### BRIEF
Would you please transcribe the listing exactly, with no images?

### DATASET EXTRACT
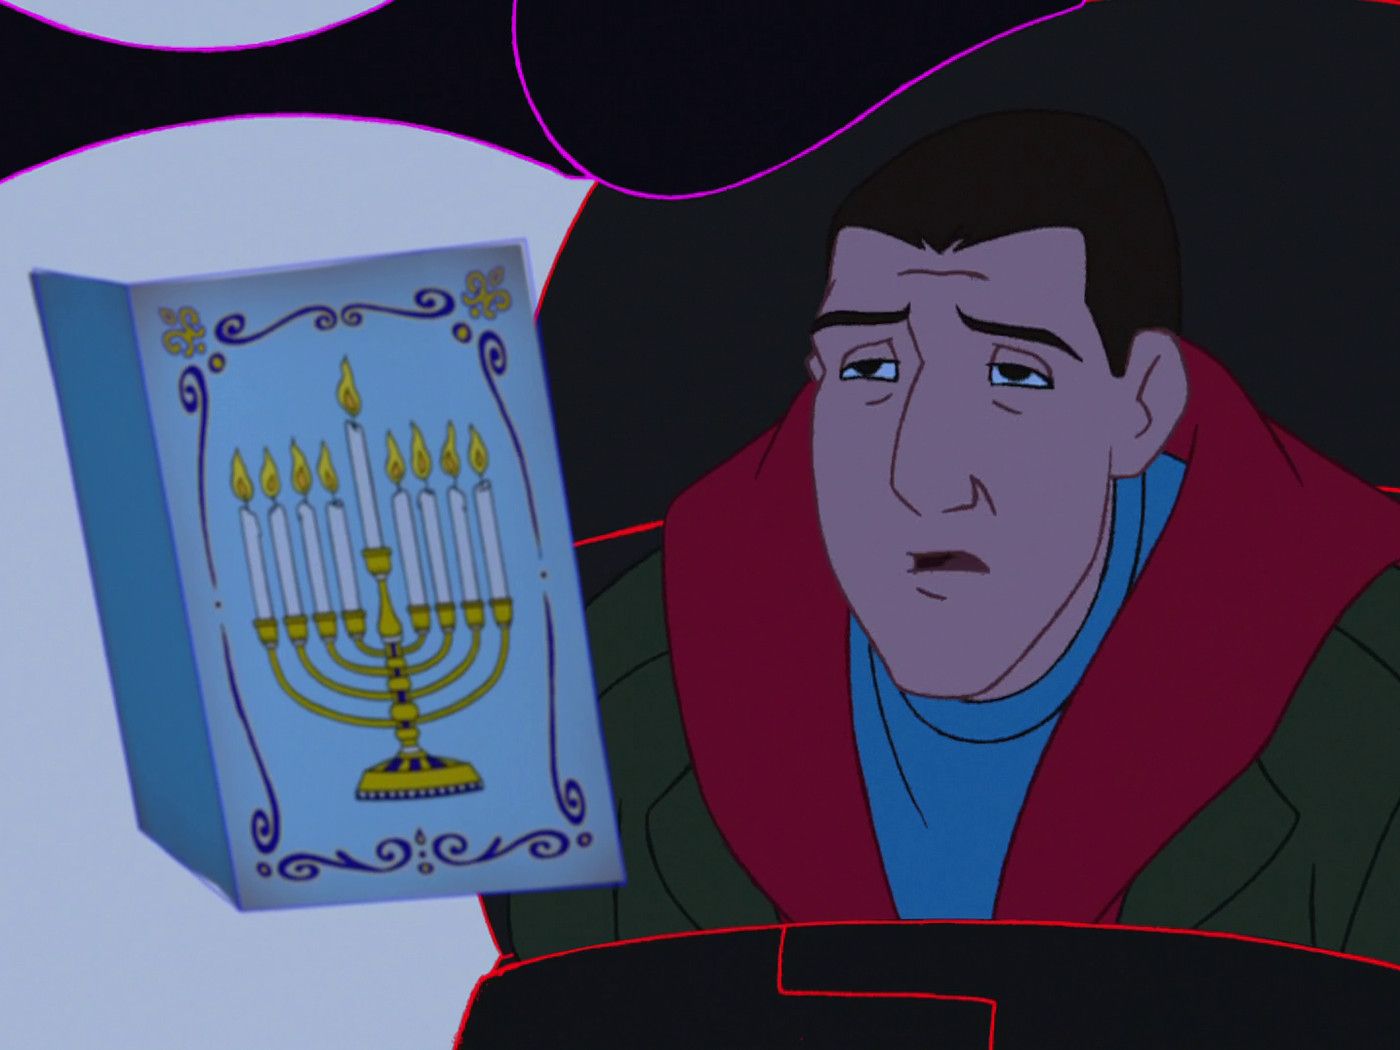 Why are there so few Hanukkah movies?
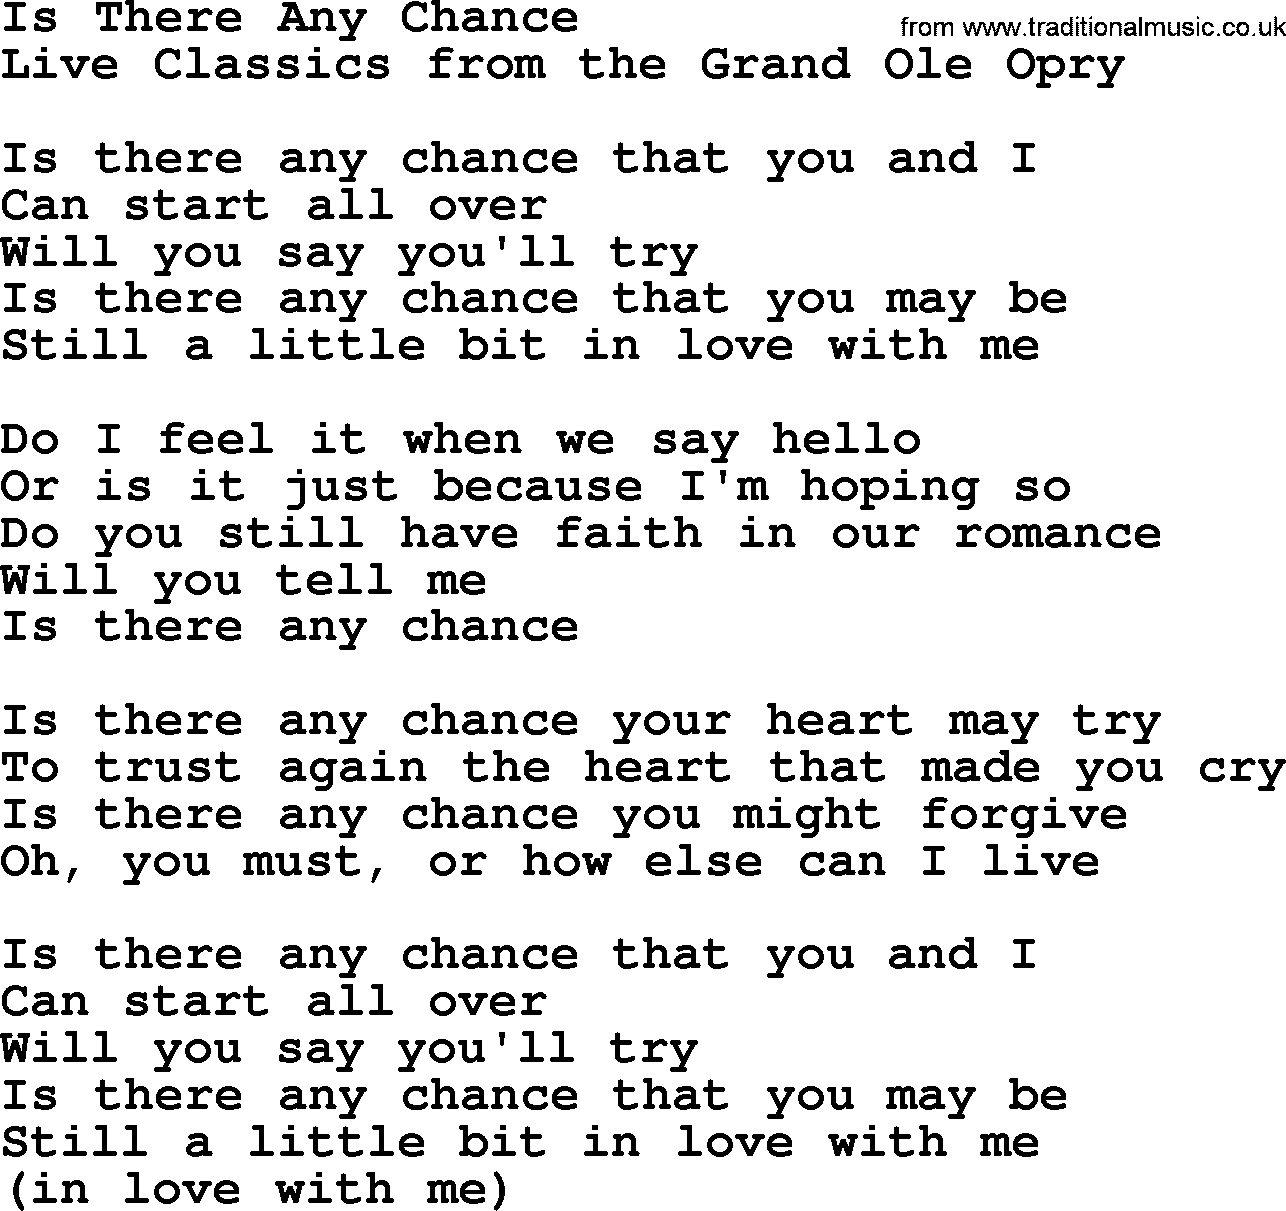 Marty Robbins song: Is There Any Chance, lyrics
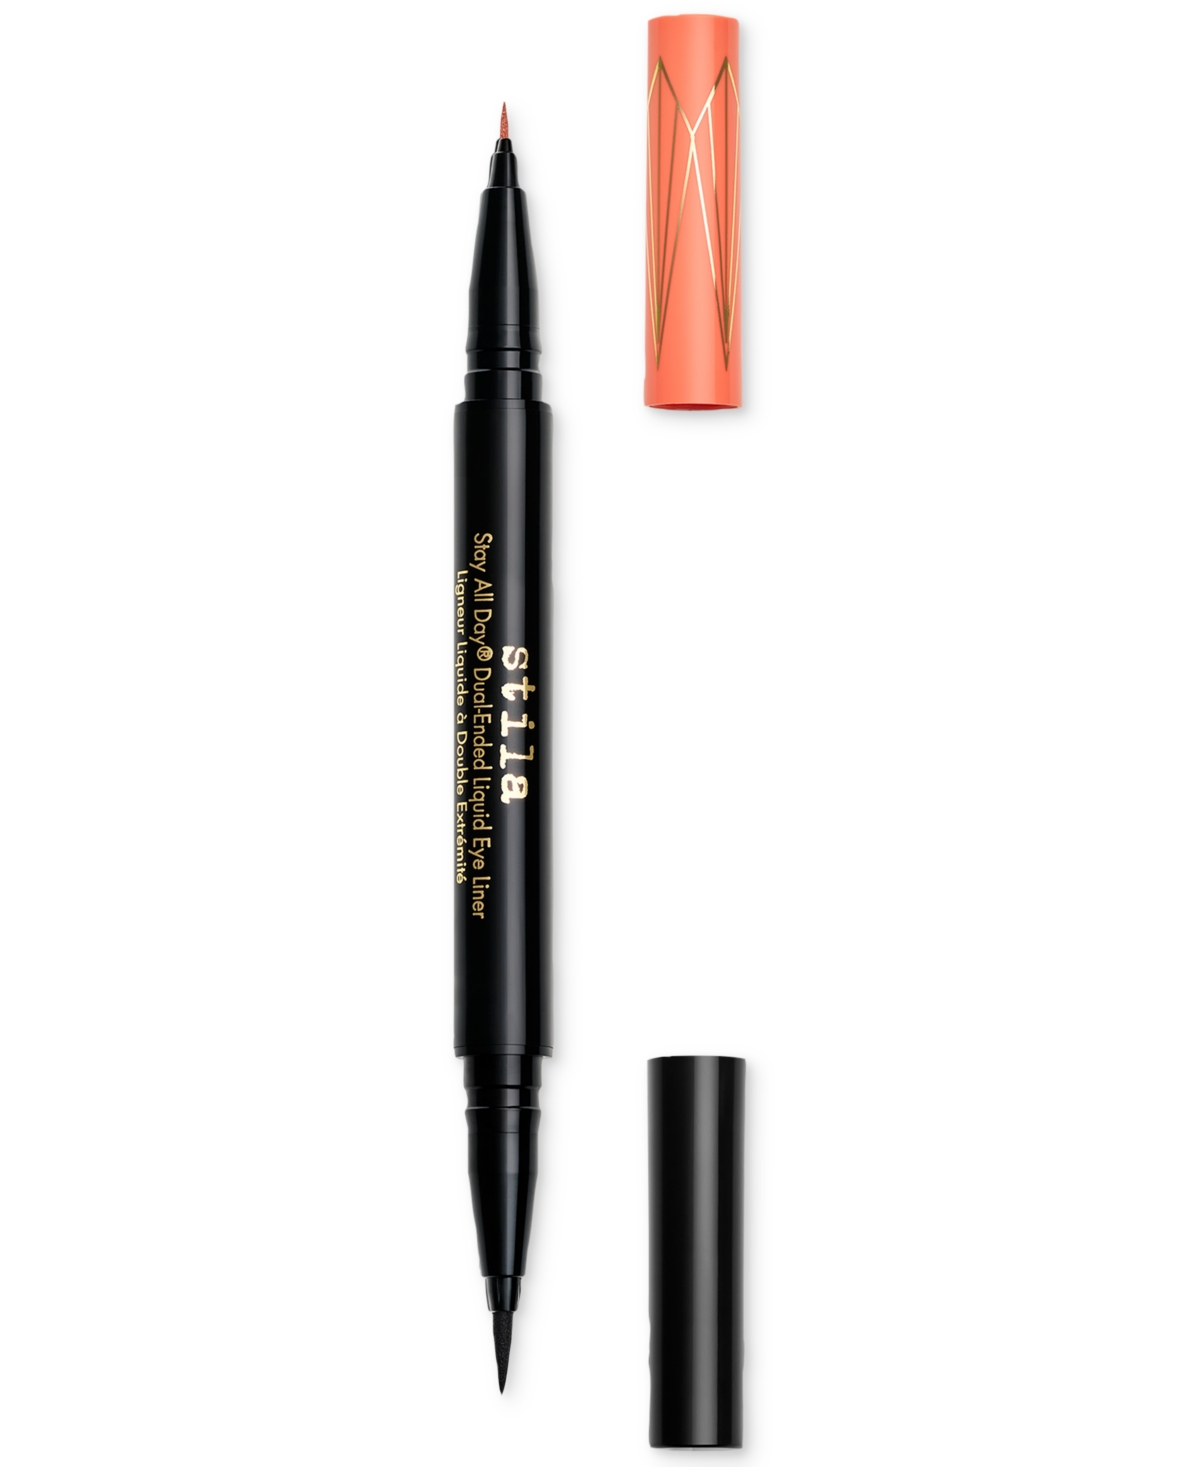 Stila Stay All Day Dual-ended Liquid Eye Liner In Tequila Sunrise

### TASK SOLUTION
 Why are there so few Hanukkah movies?
 Marty Robbins song: Is There Any Chance, lyrics
 Stila Stay All Day Dual-ended Liquid Eye Liner In Tequila Sunrise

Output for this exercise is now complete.